Your objective
Which lines in the entries below contain the string "Callous"? Show each of them in full.

Records for processing
--------

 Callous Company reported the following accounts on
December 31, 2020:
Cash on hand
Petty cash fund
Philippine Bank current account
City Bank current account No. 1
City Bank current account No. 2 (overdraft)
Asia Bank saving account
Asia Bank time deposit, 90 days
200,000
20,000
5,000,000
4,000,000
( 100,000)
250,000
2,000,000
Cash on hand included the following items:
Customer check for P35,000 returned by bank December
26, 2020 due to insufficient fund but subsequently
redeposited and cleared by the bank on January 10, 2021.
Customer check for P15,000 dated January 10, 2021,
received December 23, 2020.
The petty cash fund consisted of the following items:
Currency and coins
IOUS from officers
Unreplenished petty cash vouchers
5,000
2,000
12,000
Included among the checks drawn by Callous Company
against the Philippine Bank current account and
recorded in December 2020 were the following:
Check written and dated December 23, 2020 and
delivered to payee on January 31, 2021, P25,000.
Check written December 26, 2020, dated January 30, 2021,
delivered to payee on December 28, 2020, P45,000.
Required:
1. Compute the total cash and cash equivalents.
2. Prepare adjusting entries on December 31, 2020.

--------

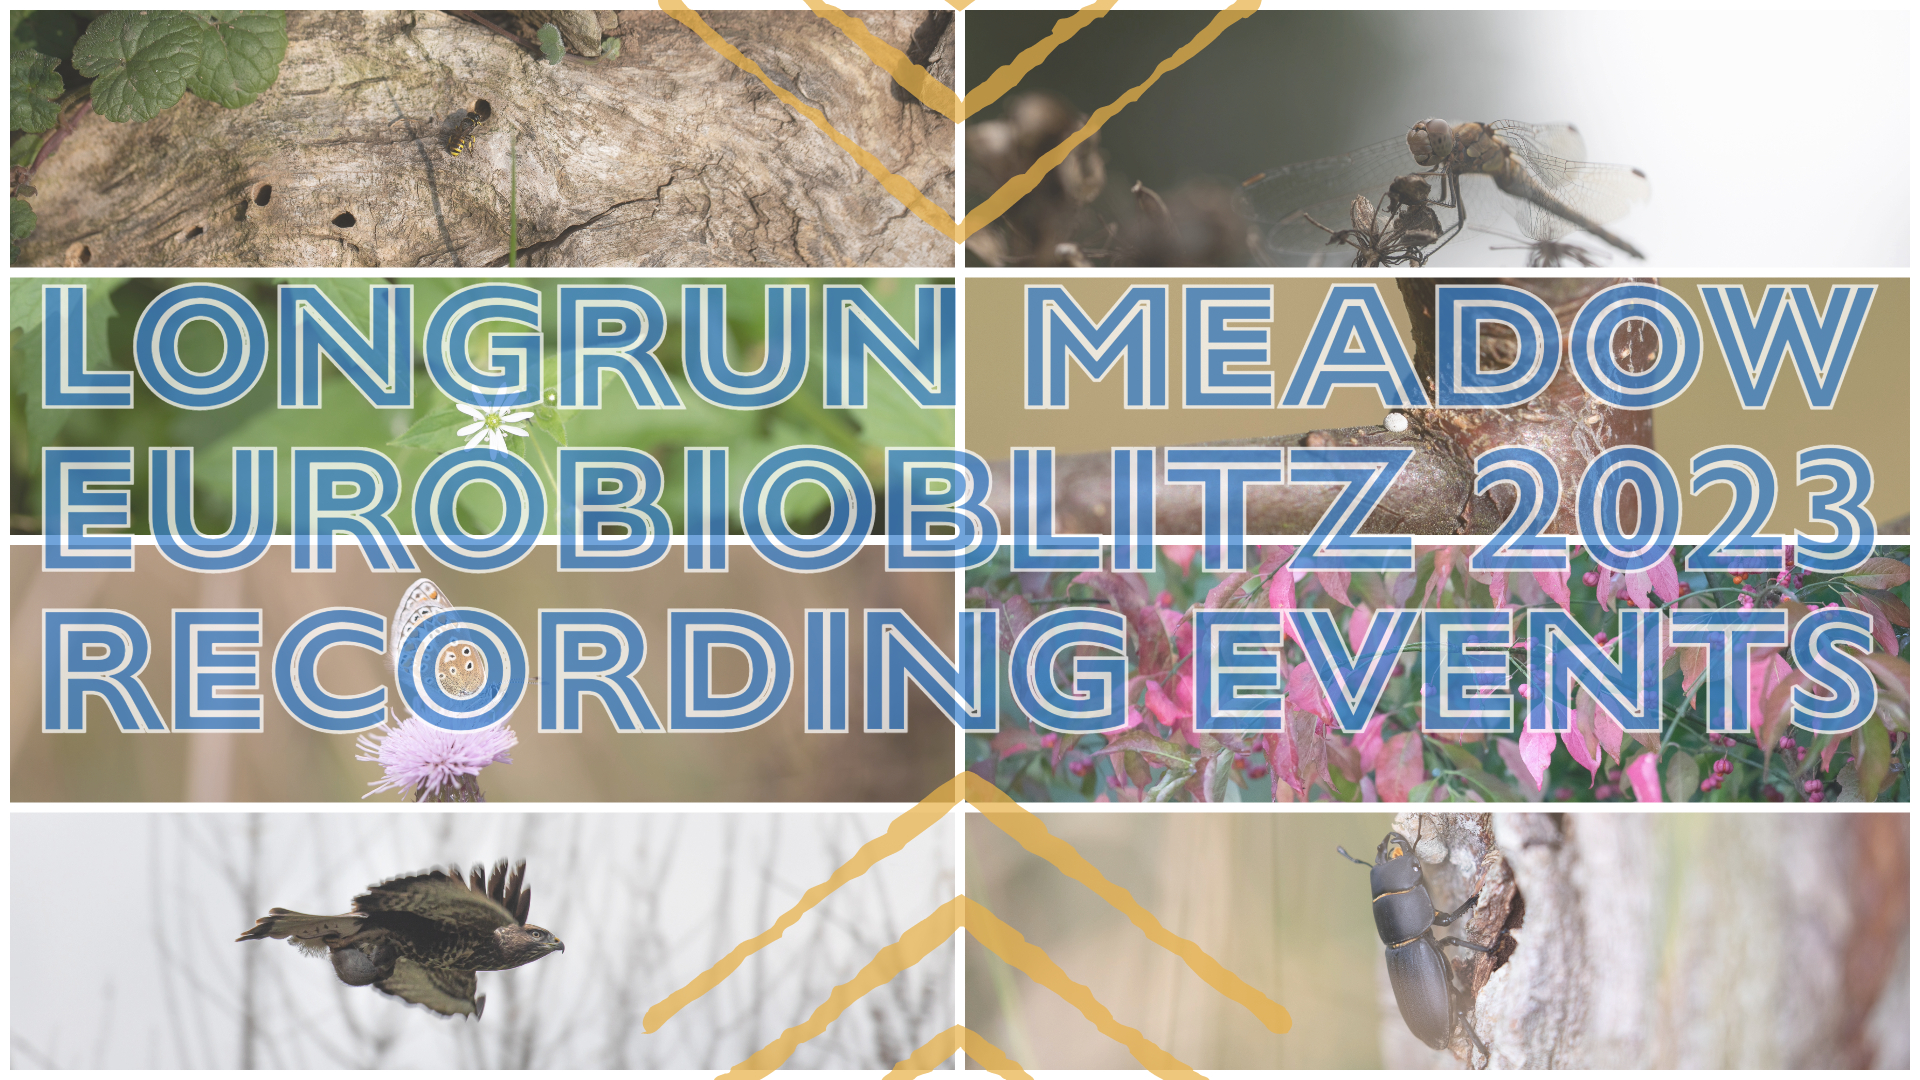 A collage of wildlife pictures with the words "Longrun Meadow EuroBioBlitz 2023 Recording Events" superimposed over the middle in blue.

--------

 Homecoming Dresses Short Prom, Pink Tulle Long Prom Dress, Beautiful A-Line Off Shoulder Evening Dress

--------

Answer below
 Callous Company reported the following accounts on
Included among the checks drawn by Callous Company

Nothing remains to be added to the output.